What was the LVN doing when she wasn't passing meds? What was your CNA doing? 3 of you for 10 patients is a pretty good ratio. Are you satisfied that the work was delegated well? I worked on a stepdown where we had 10 patients and an LVN to help us. We had to do all the assessments and IVs just as you. The LVN did all the oral meds and also did a substantial share of patient care--she wasn't sitting on her butt when her med pass was completed.

I don't know what the legal nurse-patient ratio is in an LTAC hospital.

I do know that most facilities of all kinds have forms where we can document our objections if we feel we are being given an unsafe load (patients we aren't trained for, too many high acuity patients, etc.).
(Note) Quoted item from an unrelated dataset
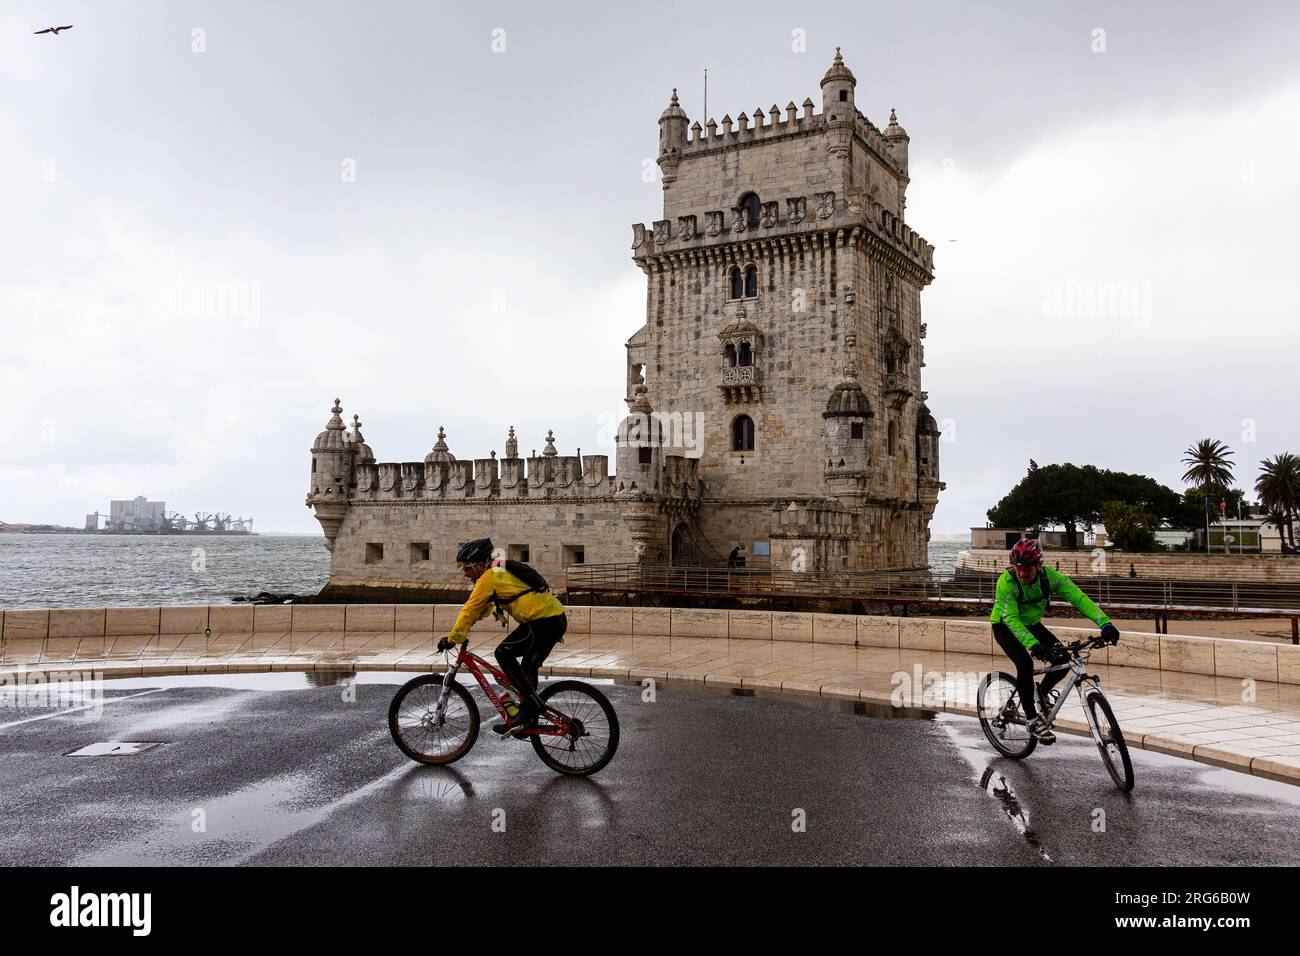 Lisbonne, Tour de Belem, Portugal, Europe, tour de sao vicente, patrimoine de l'unesco, fortification dans le style manuélin, fortification défensive Banque D'Images

Filing the form with a supervisor gives us a little bit of coverage if the assignment is allowed to stand and that results in a bad outcome. It also puts the facility on notice that their allocations have been legally documented as being considered unsafe. The obvious downside of filing such a form is that it makes management get angry at the nurse submitting one.
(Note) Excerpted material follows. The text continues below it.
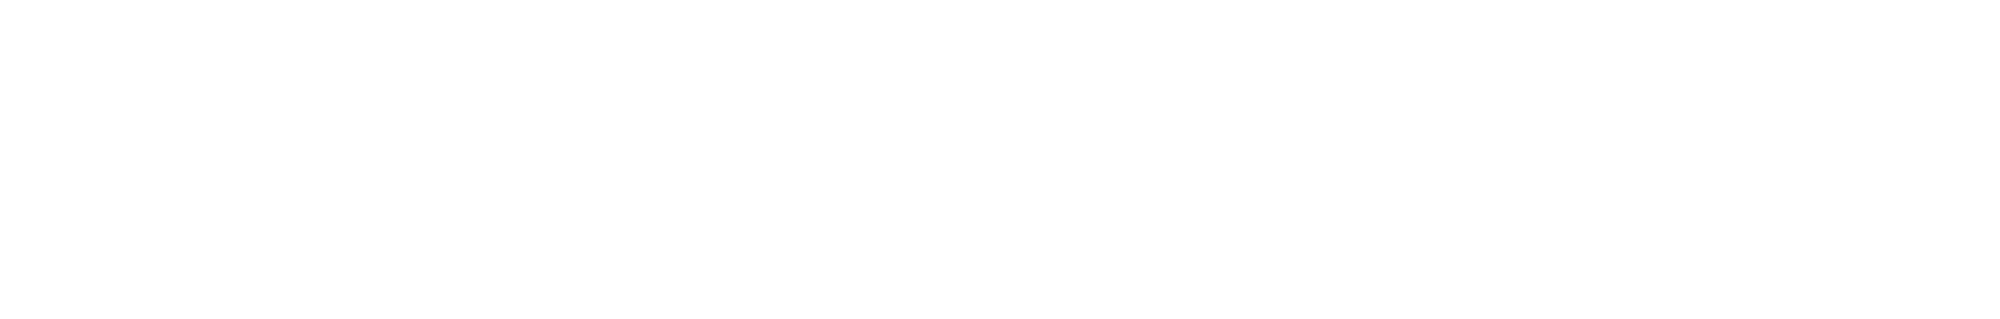 traveller-com-au-logo-vector

On a somewhat related note: I changed units recently, and was amazed to realize that one of the main reasons that some of the other nurses had time to chat, while I was constantly running my tail off, is that I was the only nurse on the floor actually observing our high risk fall protocols. The rest just give a patient on the commode a call light and tell them to push it when they are done. I feel very sure there are other less than ideal short cuts being taken by those who spend most of their time talking or net surfing. Ick.
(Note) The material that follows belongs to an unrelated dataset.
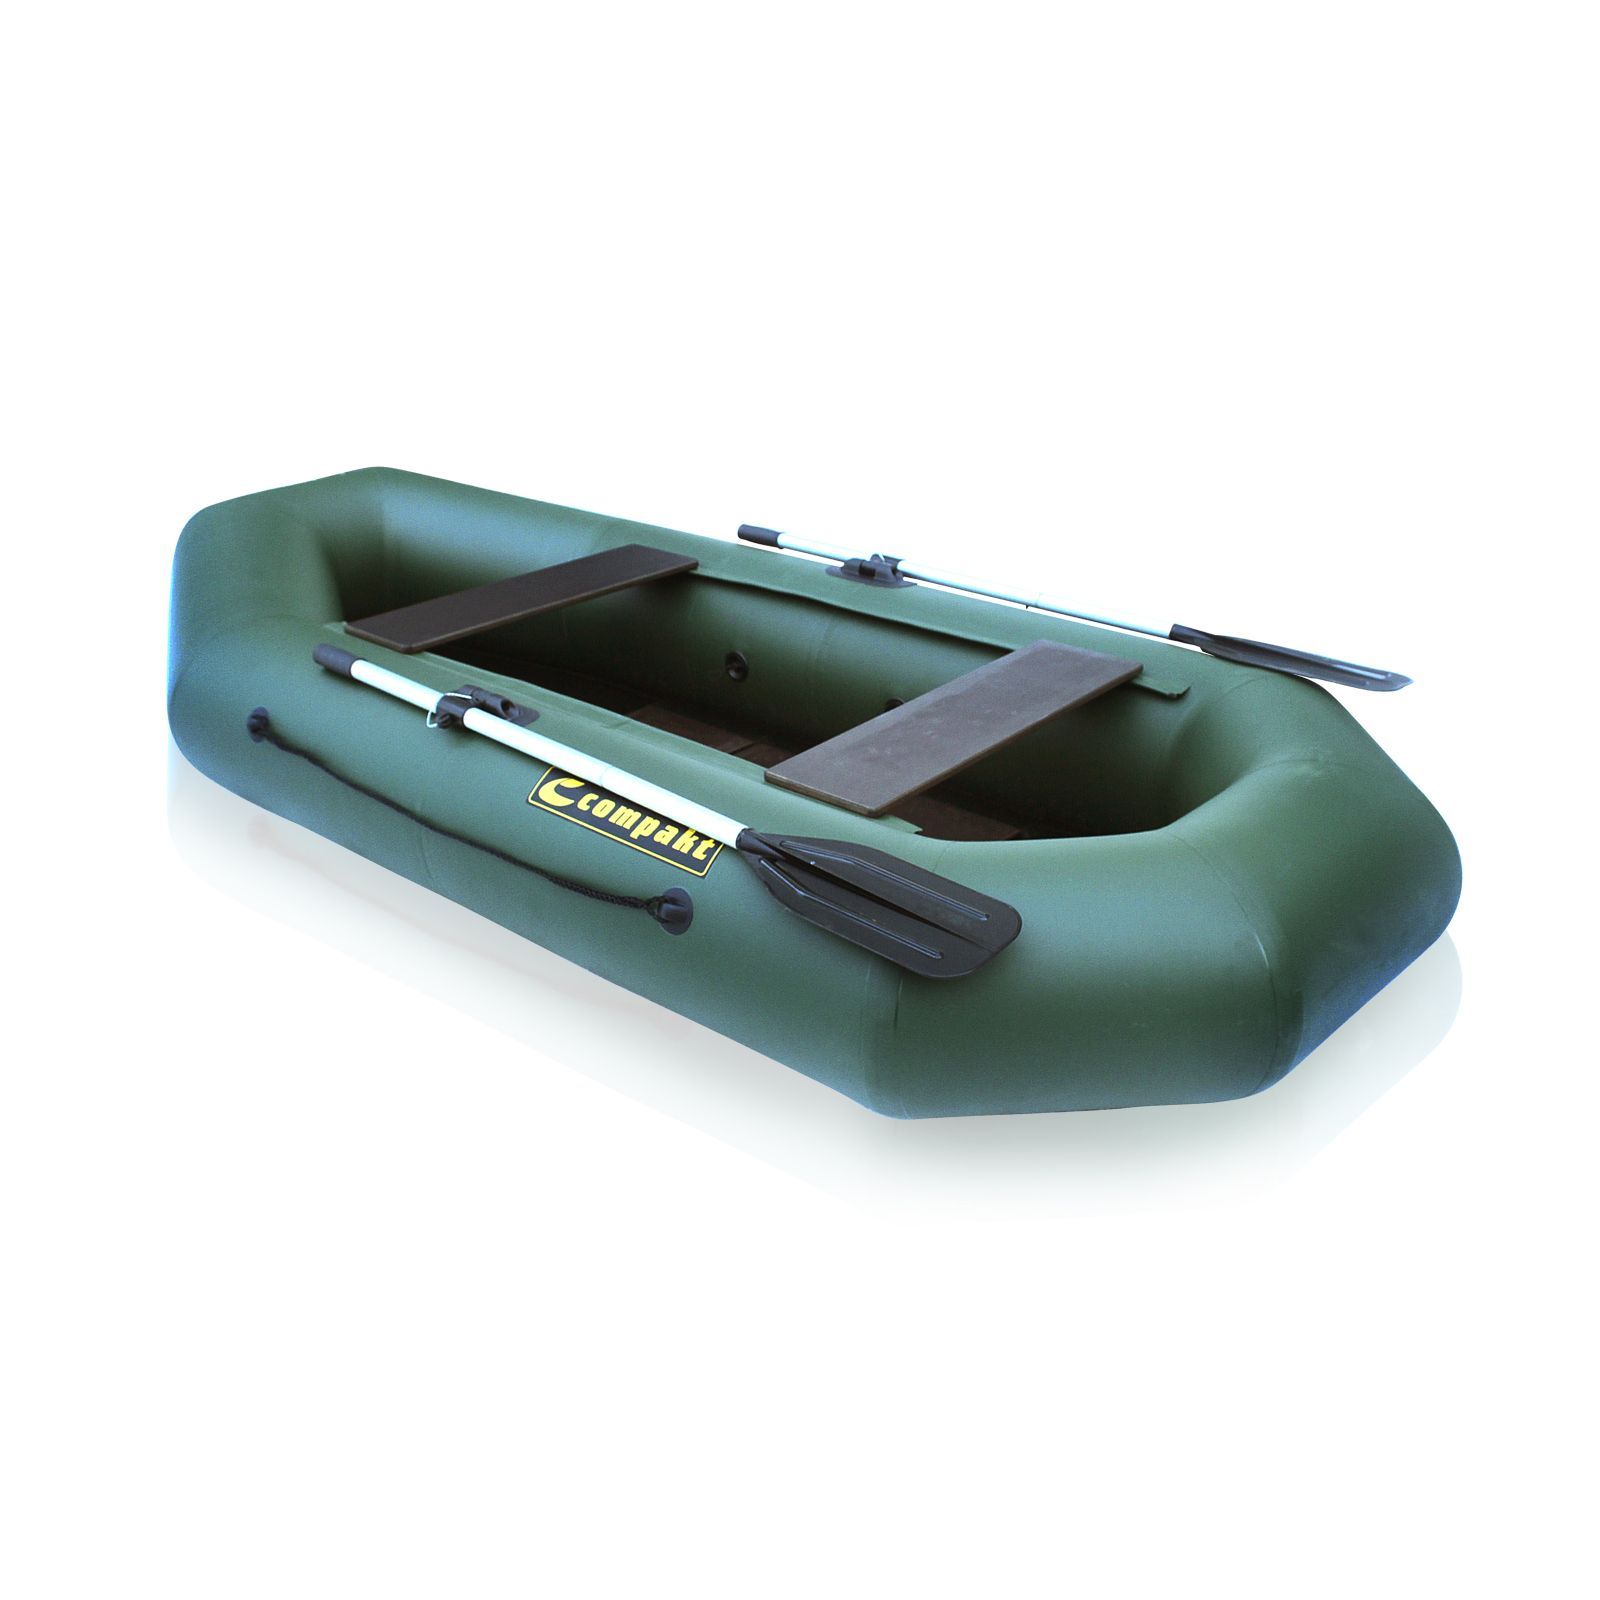 Лодка ПВХ Компакт-240N- ФС фанерная слань зеленый цвет упаковка-мешок оксфорд

Yesterday, I was given a fresh transfer patient from the ICU ... 5 minutes before report. I wanted to get him settled in, and vitalled in, before I gave report. Turns out that I had to run around searching room to room to find a replacement for the missing oxygen tree in his new room, AND make another search for the cord that connects the B/P cuff from the patient to the telemetry monitor. Was the next nurse grateful that I'd taken the time to get the patient SAFELY settled in? Nope, instead she was way ticked off that I hadn't been there to give her report on the dot.

Somehow, no matter where we work, if we are committed to giving high quality care, we end up hugely pressed for time. Recent health care budget cuts will only lead to increased pressure to do more with less. Nurses get burnt out from the constant pressure to do 'better than their best', and in response they leave or end up sick ... making the workload go up again.

Its a challenging part of the job, for sure. I definitely feel for you, in trying to do everything when there isn't time for it all.